• **Data excerpt**:

● ● ● ●

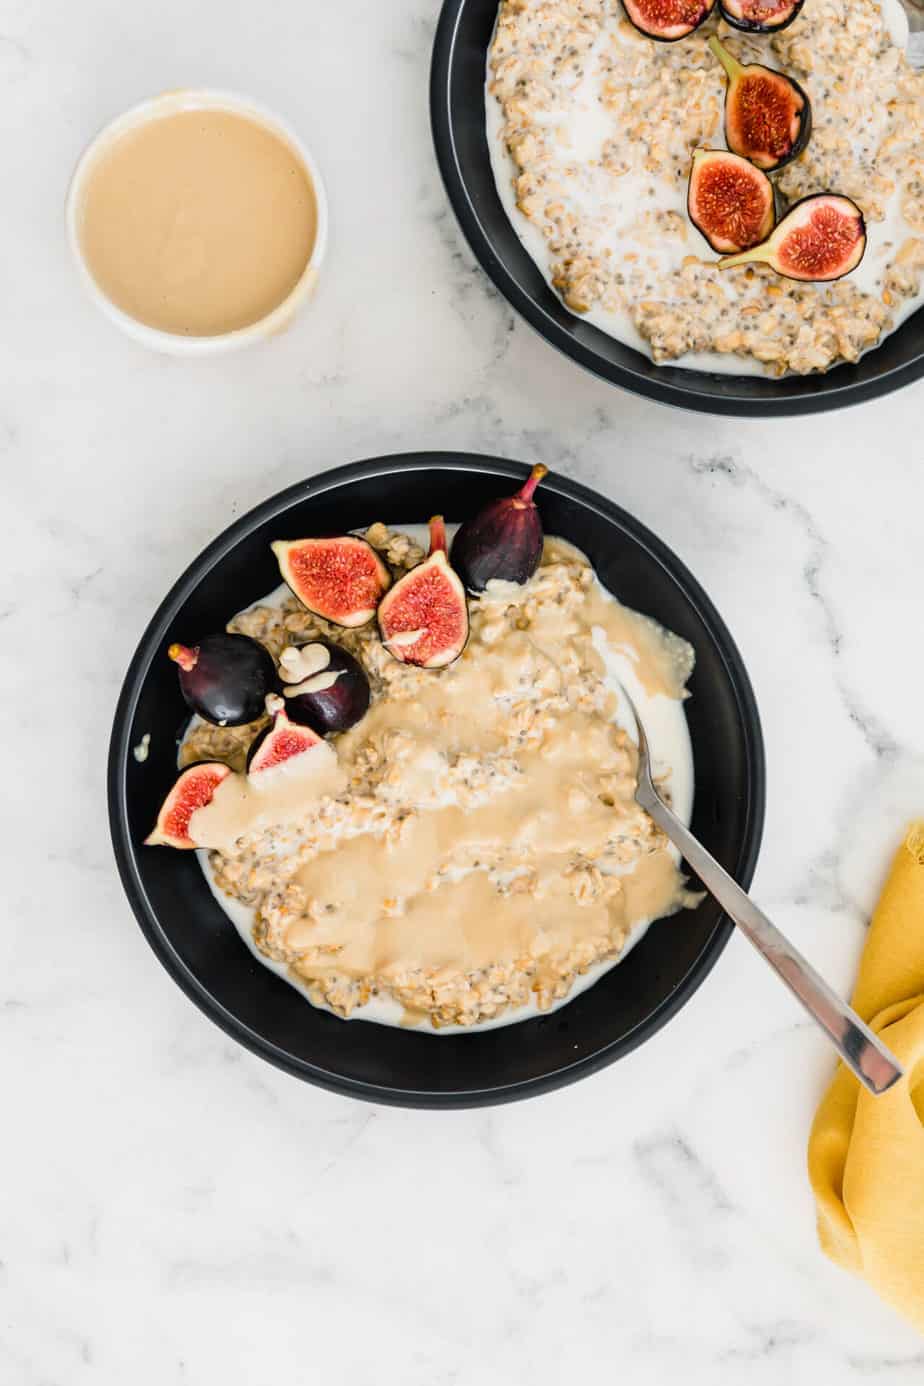 A bowl of overnight oats with tahini and fresh figs.
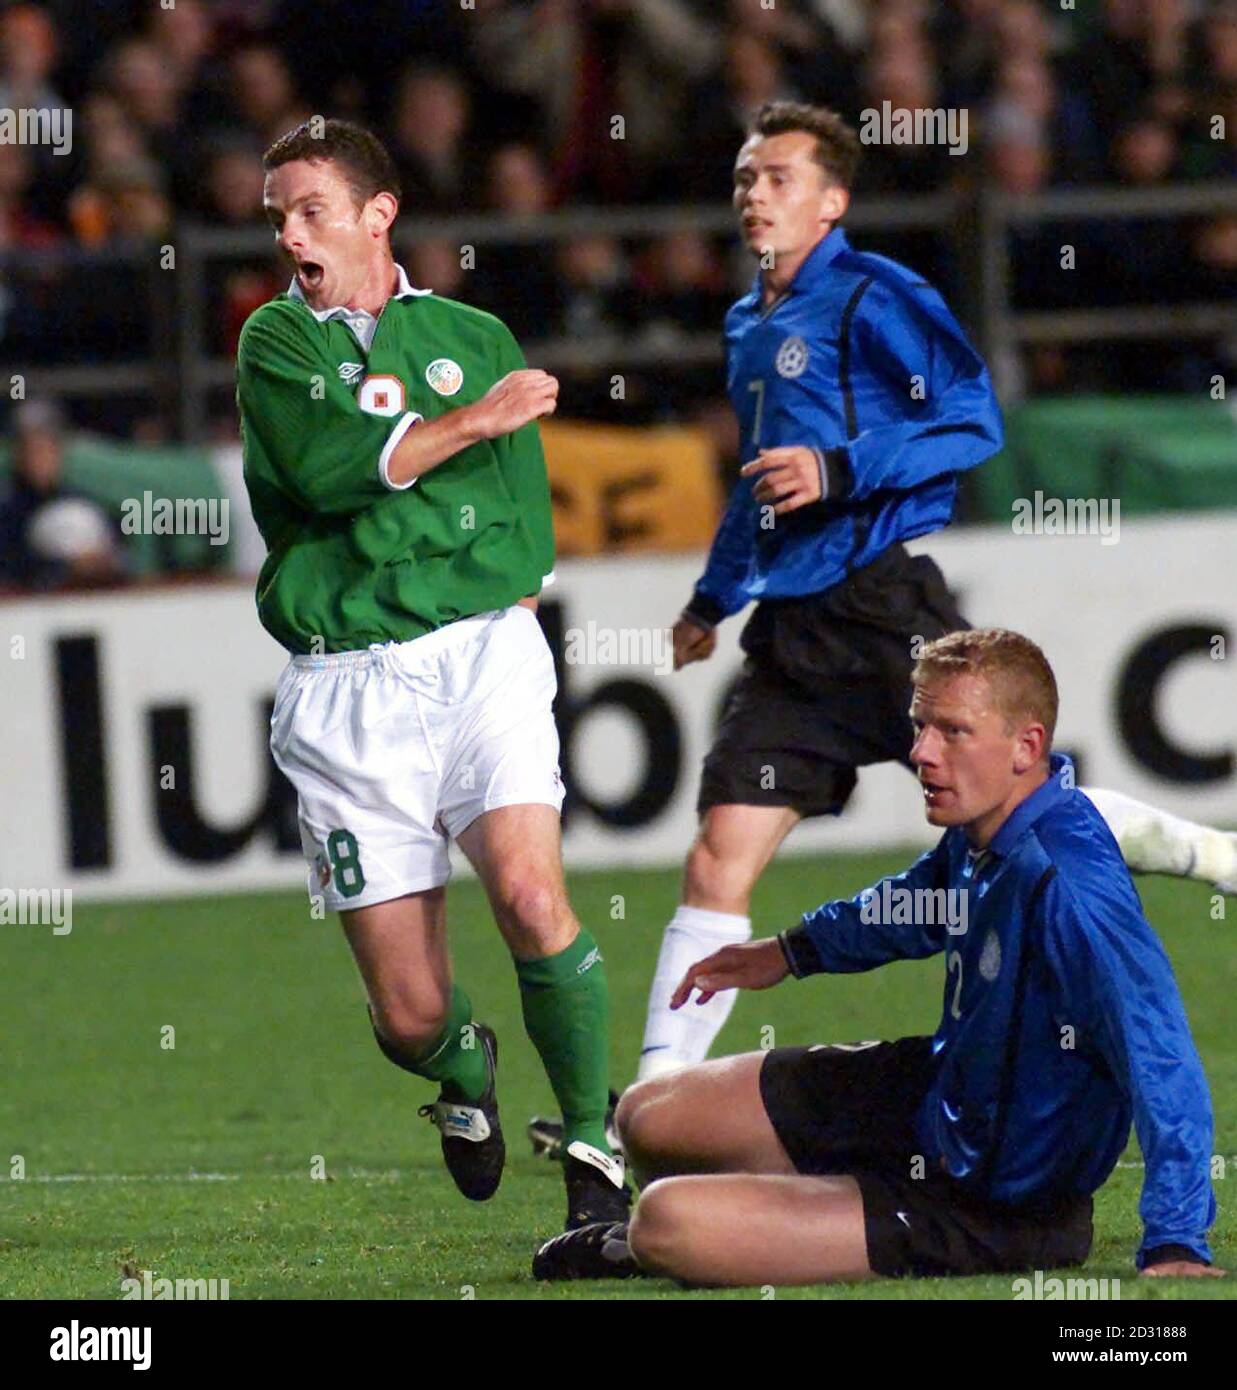 Estonia's Marek Lamslau (on ground) and Sergei Terehhov can only watch as Mark Kinsella scores for the Republic of Ireland during their World Cup Qualifying match at Lansdowne Road, Dublin. Stock Photo
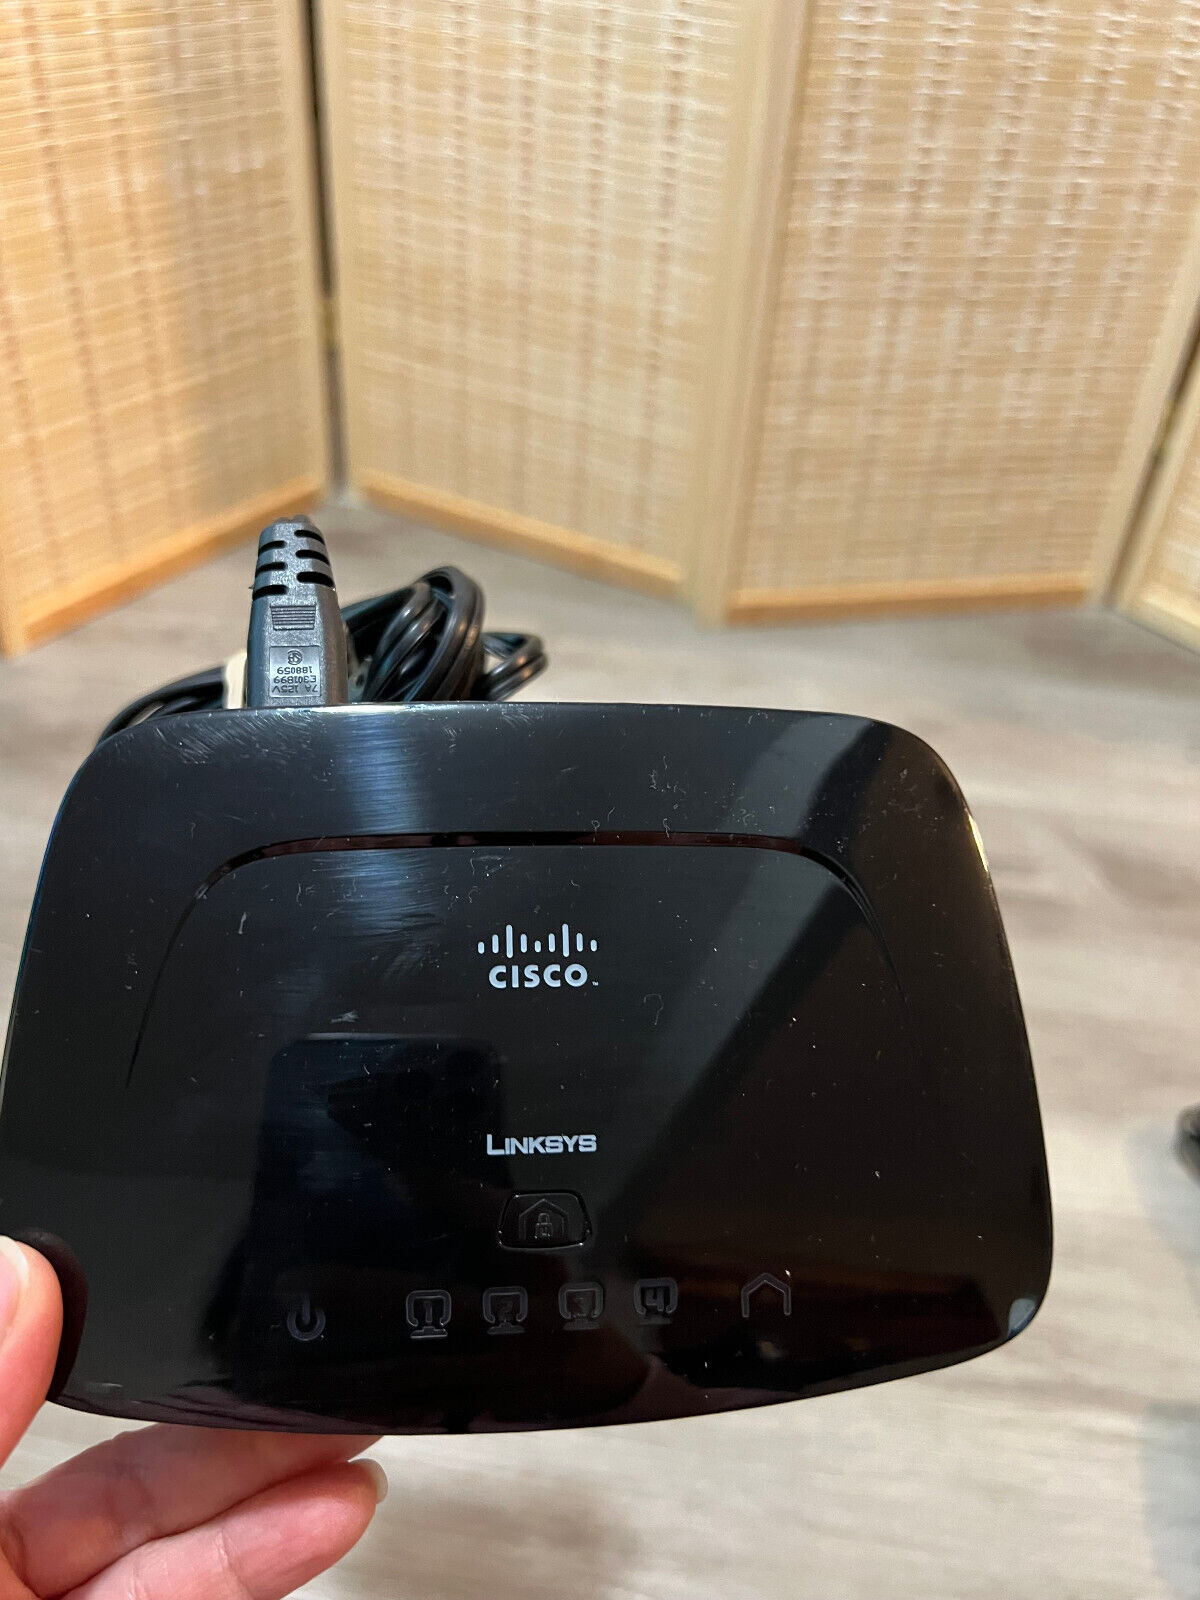 Cisco Linksys PLS300 Bundled With Power Cord Cable

● ● ● ●

• **Required work**: Could you give back the full listing word for word, leaving out the images?

• **Finished task**:
 A bowl of overnight oats with tahini and fresh figs.
 Estonia's Marek Lamslau (on ground) and Sergei Terehhov can only watch as Mark Kinsella scores for the Republic of Ireland during their World Cup Qualifying match at Lansdowne Road, Dublin. Stock Photo
 Cisco Linksys PLS300 Bundled With Power Cord Cable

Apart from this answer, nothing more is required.